The conference of the political parties of Nigeria (CNPP) and the coalition of the organizations of the National Civil Society (CNCSOS) have condemned the Federal Government Plan to contract a new loan of 1.75 billion dollars from the World Bank, describing it as reckless, insensitive and a betrayal of the Nigerian people.
The two groups, which represent the parties concerned political and over seventy -five civil society organizations at national level, have expressed shocks for the fact that the administration of President Ahmed Tinubu is looking for additional loans despite what they have described as “unprecedented revenue collections in the last eight months”.
They warned that the plan “not only undermines the credibility of the government, but also immersed the ordinary Nigerians in a deeper suffering while he was eroded all hope for a sustainable economic recovery”.
According to the declaration jointly signed by his partner James Ezema, the deputy secretary of the national advertising of the CNPP and Alhaji Ali Abacha, national secretary of the CNCSOS, the new loan move exposes “the duplicity that now characterizes the tax direction of this administration”.
The groups stressed that “only a few days ago, the president was told to the Nigerians that the revenue objectives for 2025 had already been exceeded before expected and that the country would no longer have relying on the loan to finance its budget”.
Citing the official data, the declaration recalled that “the performance of the revenue between January and August 2025 stood at N20.59 trilioni, which represent an impressive increase of 40.5 percent compared to the same period of 2024. It boasts of excess revenue afflusted?”
The CNPP and CNCSO have argued that “Nigeria does not have a problem of generation of revenue but a problem of looting, diversion and bad management”.
They accused the public officials of having hungry with cronies and contractors to subtract the Commonwealth in private bank accounts, insisting on the fact that “what the administration should do is recover these steal funds and bring them back to the Federation account”.
They therefore asked the President Tinubu “to urgently constitute a high -power presidential jury with the clear mandate to trace, audit and recover sacked public funds”. The groups stressed that such a panel must “examine all the loans guaranteed by past administrations, investigate how they were distributed, expose the channels of undue appropriation and force recovery in the public treasure”. Whatever short of this, they said, “it would be equivalent to political deception and the betrayal of the masses that are already suffocating under policies that have undressed them of their means of subsistence”.
By painting a gloomy image of life in today’s Nigeria, the organizations have said that “from the hasty and unwanted removal of the subsidy for the fuel two years ago, the masses were crushed by the fuel costs to the stars that become impressed through every aspect of life from the prices of food to transport”. They complained that “electric rates have increased astronomically even if the power supply remains epileptic, while citizens are forced to buy prepaid counters at exorbitant costs even if these meters technically belong to the distribution companies and not to buyers”.
They criticized new taxes and withdrawals such as “the five percent oil tax that will make a Nigerian barber or a hairdresser who buys n5,000 fuel to feed their generators due to the lack of electricity to pay the N500 taxes and the punitive charging N50 on each transfer N10.000”. According to them, these charges “weigh heavily to the poor Nigerians who fight to make ends meet” in a country already devastated by unemployment and undertaking.

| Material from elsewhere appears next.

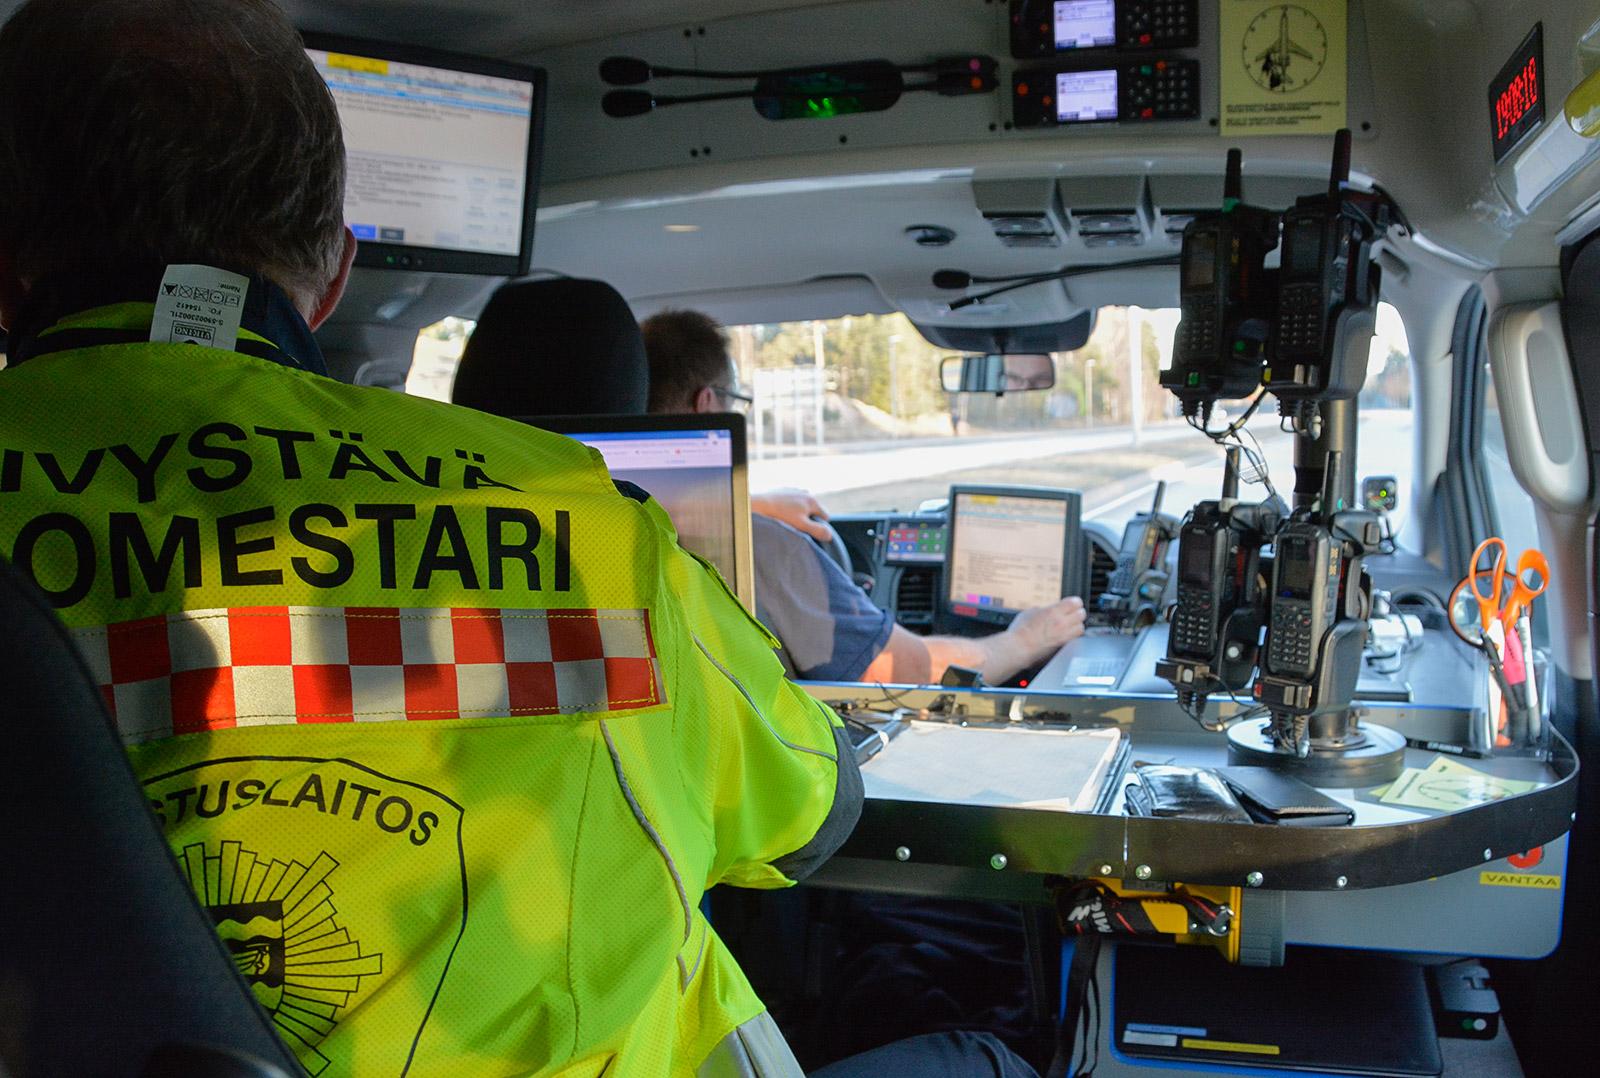 Tietopankki on hyvä työkalu tilanne- ja johtokeskuksiin, johtoautoihin ja pelastusyksiköihin, sekä sopimuspalokuntien ryhmänjohtajille, jos pelastusviranomainen ei tule kohteeseen.

The groups said that the consequences of these economic realities are evident in the increase in the number of sudden deaths “while the Nigerians collapse daily under the weight of untreated diseases, hypertension, hunger and despair”. The families, they warned, “are disintegrating under economic pressure, while young people turn more and more financial crimes as desperate means of survival”. They added that the worsening of the “Japa syndrome” continues to drain the country of qualified professionals, a development that have blamed exactly “policies that make life unbearable for laborious citizens, rewarding corruption and waste on top”.
On the morality of the new loan, the groups have said: “It is morally wrong for leaders who live in luxury, travel to private jets and enjoy sumptuous allowances to continue slave people with loans whose benefits never reach ordinary citizens”. They underlined that “debt maintenance is already consuming most of the Nigeria revenues, leaving very little for capital investments” and have argued that each new loan “does not translate into jobs, infrastructures or better living standards for the masses, but rather feed a cycle of waste, diversion and reimbursement bonds that further circumvent the economy”.
The president Tinubu warned that “the path that his administration is passing through is unsustainable and dangerous”, warning that “the patience of the masses will eventually be exhausted and history has shown that no government survives once people lose fear and decide to take their destiny in their own hands”.
Returning their request for a change of management, CNPP and CNCSOS insisted that “the solution to the tax challenges of Nigeria is not to borrow indefinitely but to face front corruption, recover stolen funds, cut expensive expenses and honestly invest in the sectors that generate jobs and growth.”
The declaration ended with a severe warning: “Nigeria cannot continue to borrow to finance corruption. The resources to reconstruct this country exist within its borders and in the bank accounts of those who have stolen them. Until these resources are not recovered and justice is not done, no new loans should be contemplated, that it is approved.”